Fluorescein sodium can induce serious intolerance reactions. These reactions of intolerance are always unpredictable but they are more frequent in patients who have previously experienced an adverse reaction after fluorescein injection (symptoms other than nausea and vomiting), in patients with history of allergy such as food or drug induced urticaria, asthma, eczema, allergic rhinitis or in patients with history of bronchial asthma. The benefit of the fluorescein angiography should be balanced with the risk of severe hypersensitivity reactions (with fatal outcome in some cases). Intradermal skin tests have limited predictive value for serious intolerance reactions to Fluorescein. Fluorescein intolerance reactions can occur following a negative intradermal skin test. The benefit to risk of the angiography procedure should also be considered in patients with pre-existing conditions such as cardiovascular disease, diabetes mellitus, and multiple concomitant drug therapies (in particular beta-blockers, see Interactions). Literature suggests Fluorescein Angiography (FA) may cause contrast-induced Nephropathy (CIN) based on increased serum creatinine. CIN is a possible risk factor for end-stage renal disease progression.
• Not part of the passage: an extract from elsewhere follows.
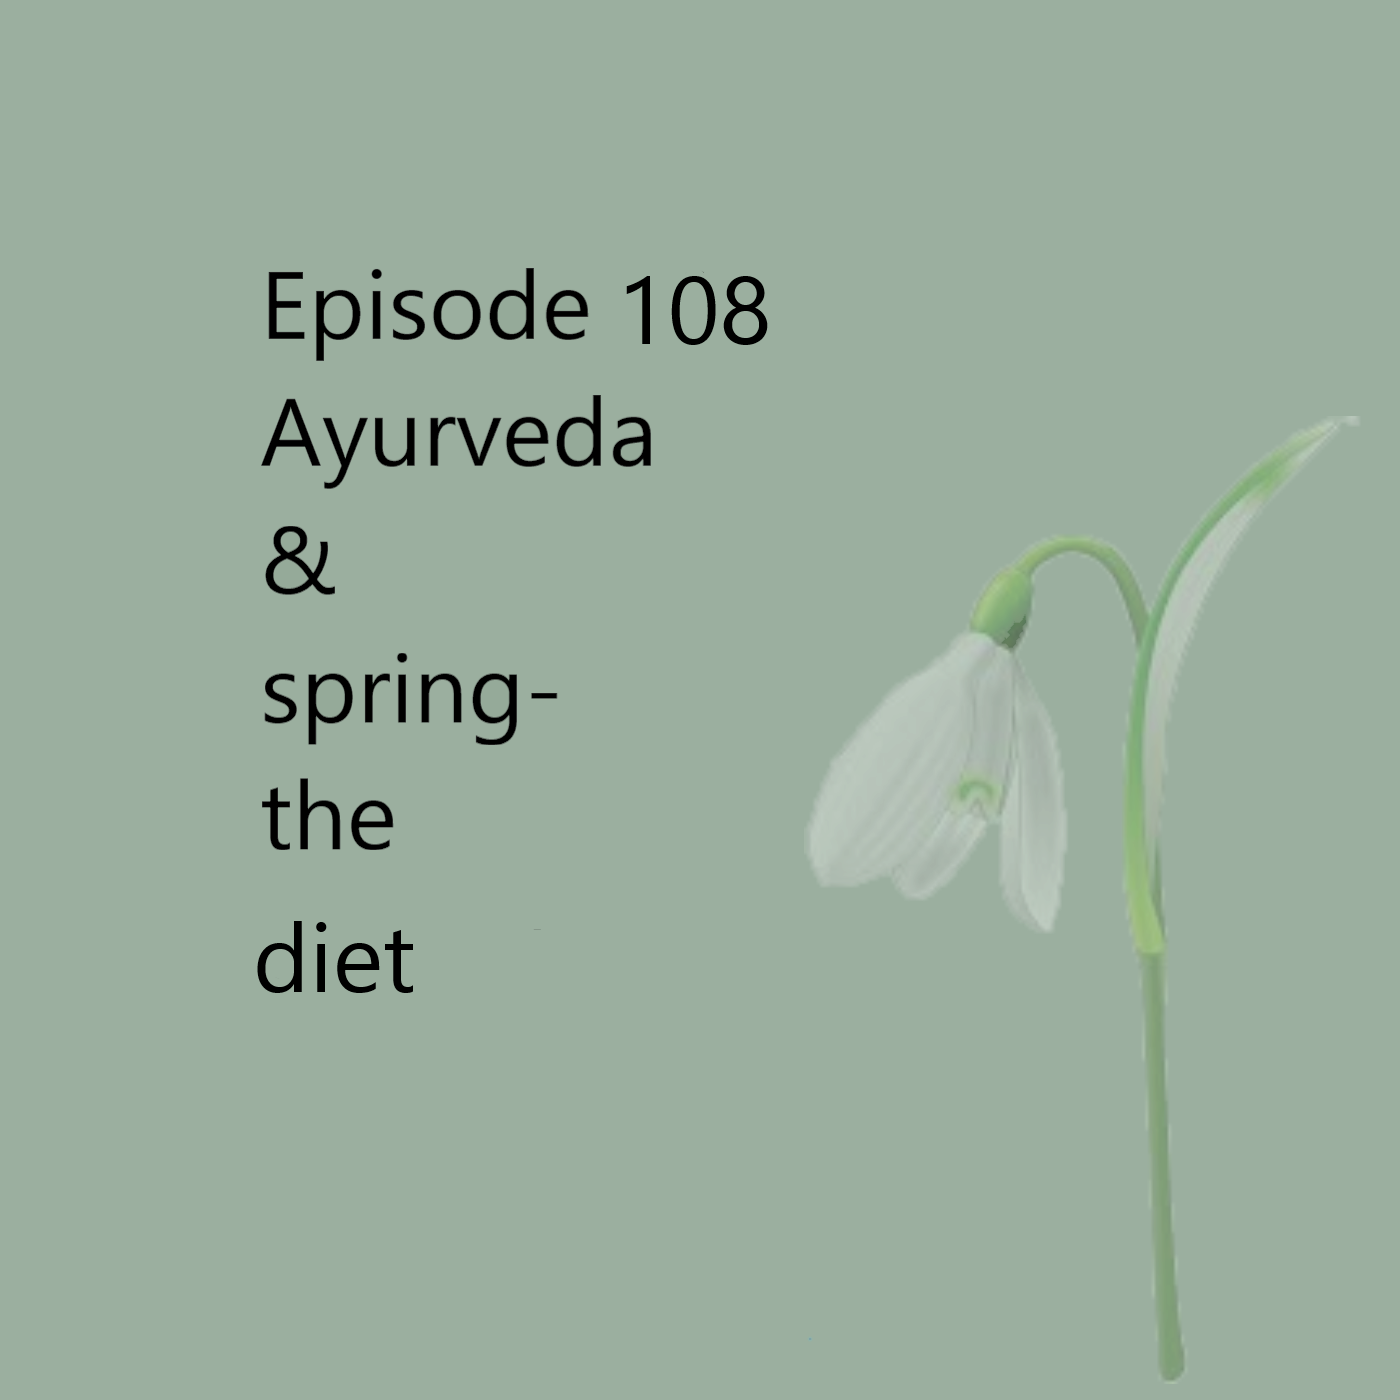 Episode 108 Ayurvedic Life - From Winter to spring #3

Detailed questioning of each patient must be carried out before the angiography to evaluate any prior history of cardiopulmonary disease or allergy or concomitant medications (see Interactions).
The risk of hypersensitivity reactions with fluorescein sodium requires: Fluorescein should only be administered in facilities with personnel trained in resuscitation and with appropriate material and equipment for emergency resuscitation. Patients should be given a 2nd intravenous line, allowing volume therapy and the intravenous injection of adrenaline and other standard resuscitation drugs (see Interactions).
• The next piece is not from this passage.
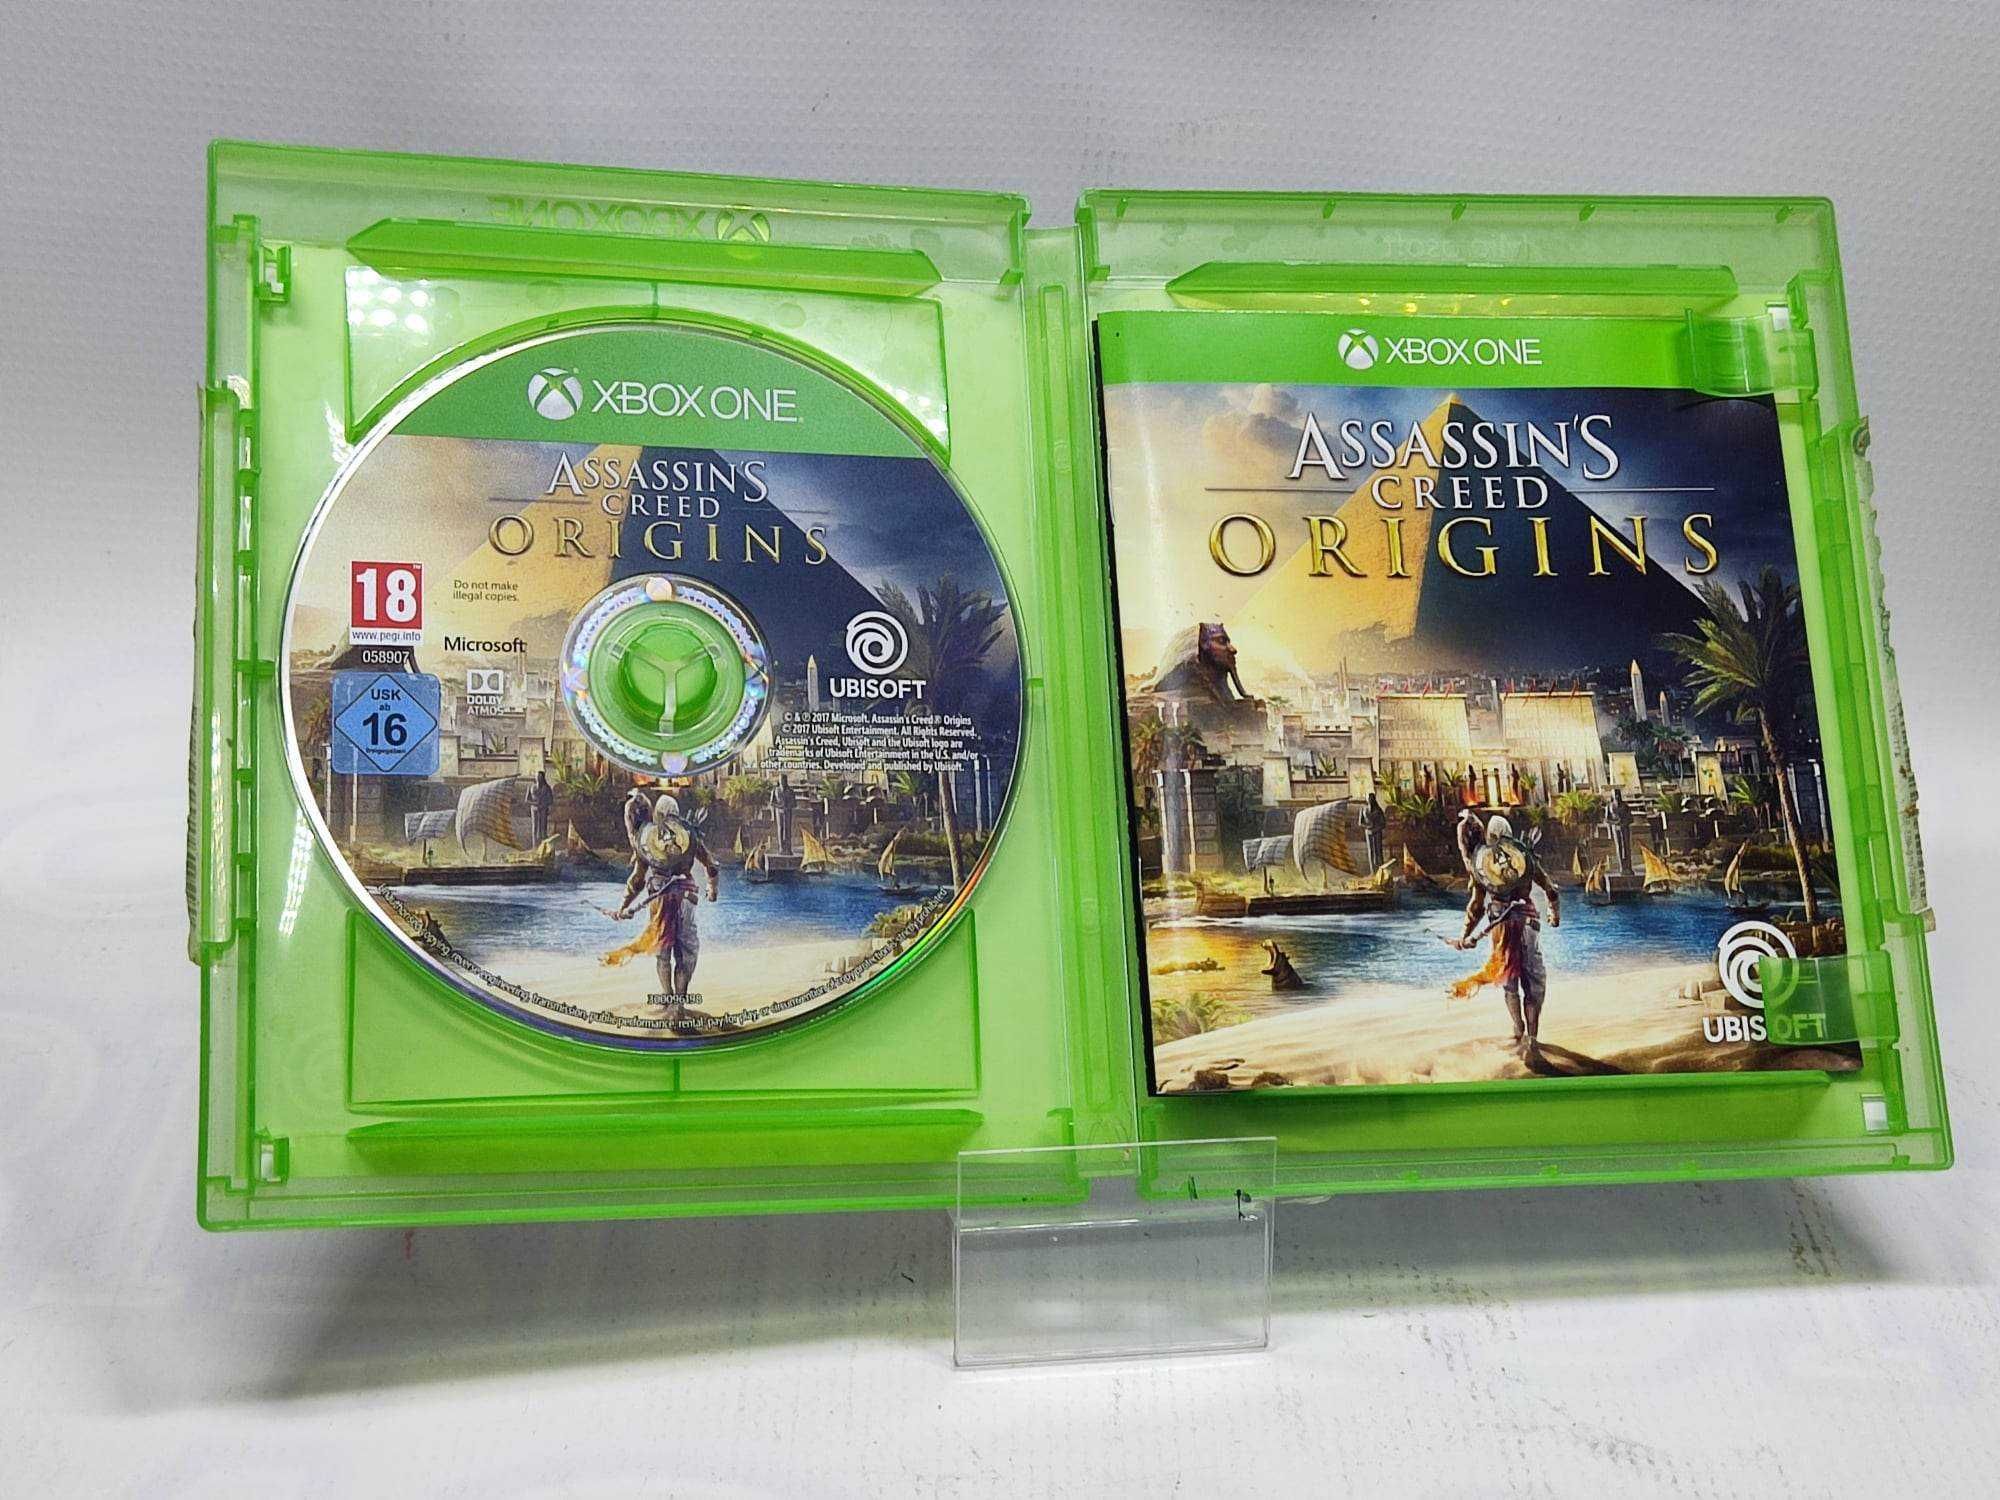 Gra XBOX ONE Assassin's Creed ORIGINS, Lombard Krosno Betleja

Close monitoring of the patient by the ophthalmologist performing the examination, throughout the examination and for at least 30 minutes thereafter; Maintaining the infusion line for at least 5 minutes, to treat a possible severe adverse reaction without delay; In addition, in patients identified as being at risk of hypersensitivity reactions, but in whom a fluorescein angiography is considered to be essential, it is recommended to carry out the procedure with the equipment and personnel trained in emergency resuscitation in the treatment room.
Extravasation should be avoided due to the high pH of fluorescein solution which can result in severe local tissue damage (severe pain in the arm for several hours, sloughing of the skin; superficial phlebitis). The correct intravenous position of the needle tip must be ascertained. When extravasation occurs, the injection should be immediately discontinued. Appropriate measures must be taken to treat damaged tissue and to relieve pain.
Effects on Ability to Drive and Use Machines: The patient must be made aware that after application and until visual acuity returns to normal, driving a vehicle or operating dangerous machinery is not recommended.